With the US containing 5% of the world’s population but a whopping 25% of its incarcerated population, it is not difficult to see that this disparity is a problem. Furthermore, recidivism rates are high for inmates, in part due to the difficulty inherent in finding employment following a sentence. This cycle of incarceration is what Chris aimed to solve.


Created in 2014 by Chris and his wife Beverly Parenti, the Last Mile allows inmates to gain entrepreneur skills and skills needed to reenter the outside world after their sentence ends. Most released inmates are not given the opportunities to start their lives over and the Last Mile wants to change that. Since its inception, the organization has also created the Last Mile Works, a web development team based out of San Quentin State Prison as part of its partnership with the California Prison Industry Authority.
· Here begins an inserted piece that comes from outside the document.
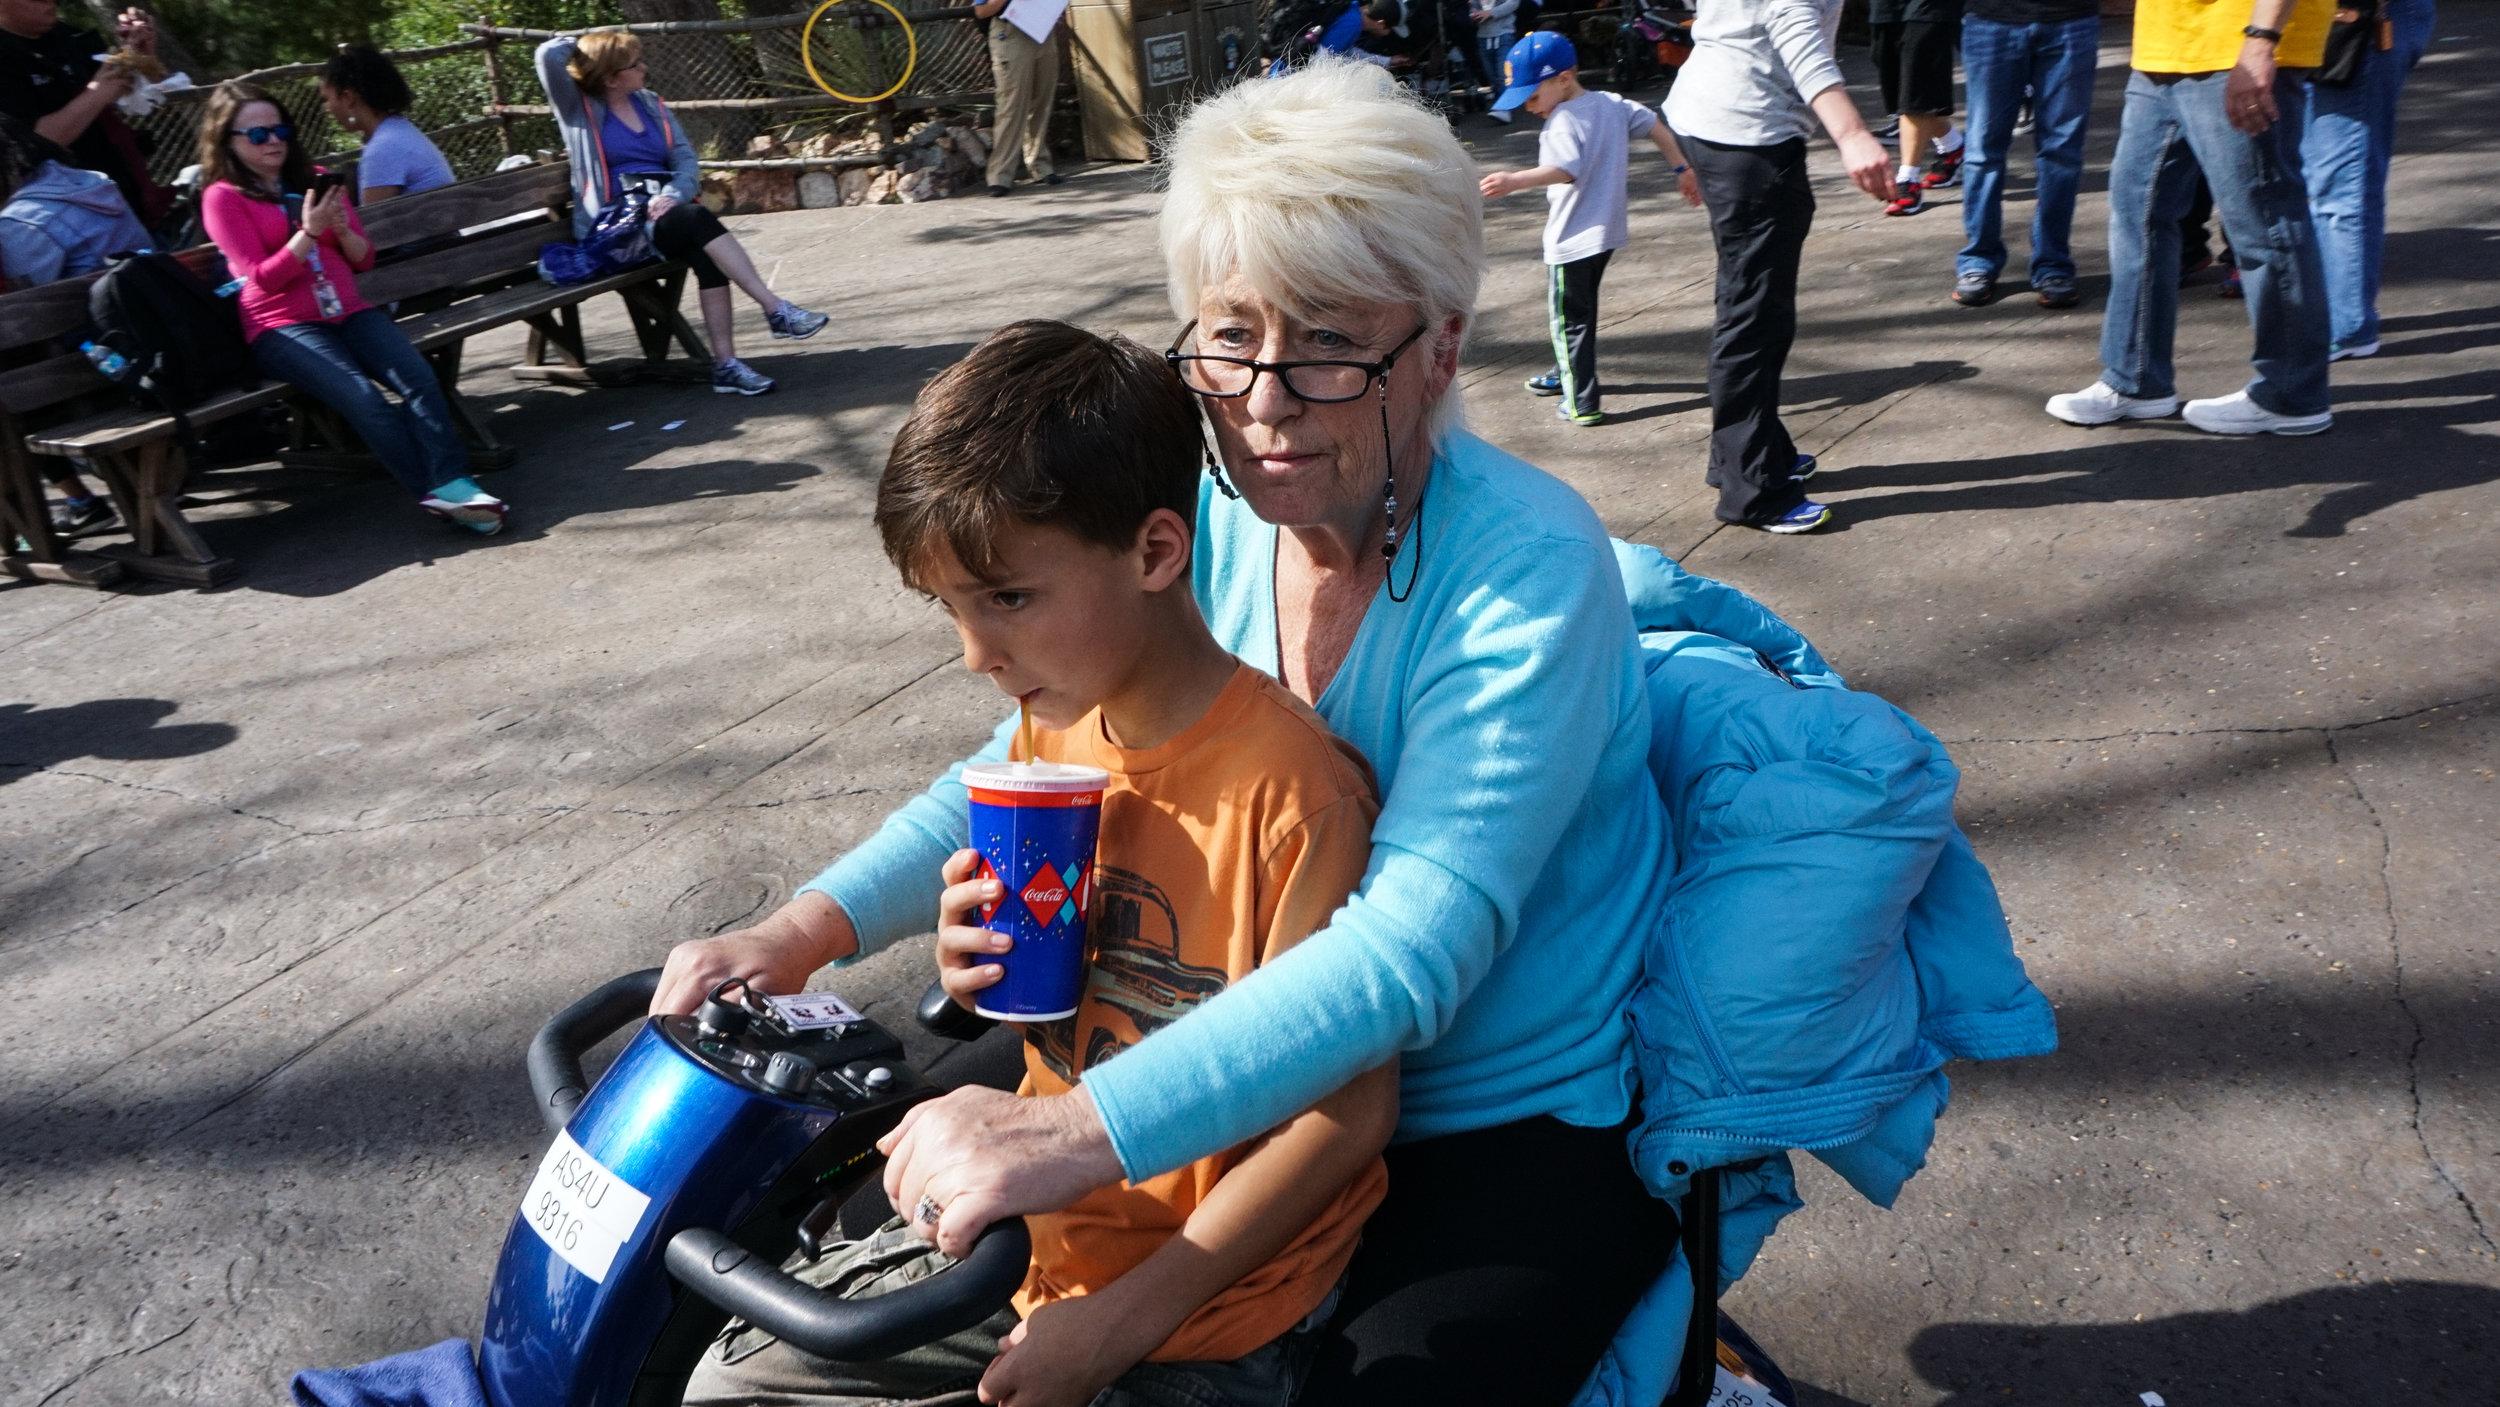 Grandma-3-03327.jpg

The Last Mile started as a six-month entrepreneurial program where participants could pitch their ideas at its conclusion. Now, it has become so much more, particularly with their Code.7370 program. Inmates train 2000 hours before being interviewed and accepted into Code.7370. Once in the program, inmates are expected to work 8 hour days, 4 days a week and are paid a competitive wage. Their earnings are placed into a savings account which is turned over to them after they are released as a little nest egg to start their new lives outside of prison.


Code.7370 allows them to learn front-end technology to code and design websites using WordPress, NodeJS, JavaScript, HTML and CSS. The programmers are given access to an internet simulated infrastructure hosted on the prison’s local server with access to Stack Overflow and mock Twitter and Facebook API’s to design and develop coded websites. The program also gives them the chance to work with clients and gain the professional skills needed once in the workforce.


The results are astounding. In California, the recidivism rates for prisoners is 65%, higher than the national average. Among graduates of the Last Mile? 0%. A bit of mentorship and professional experience goes a long way.


The program is currently in five prisons across the state of California, two of which are located at women’s correctional facilities. The program will also launch this year at a women’s prison in Indiana with support from Governor Eric J. Holcomb. Eventually, Redlitz and Parenti want The Last Mile Works to be available at prisons across the United States to give inmates the break needed to create a life after incarnation.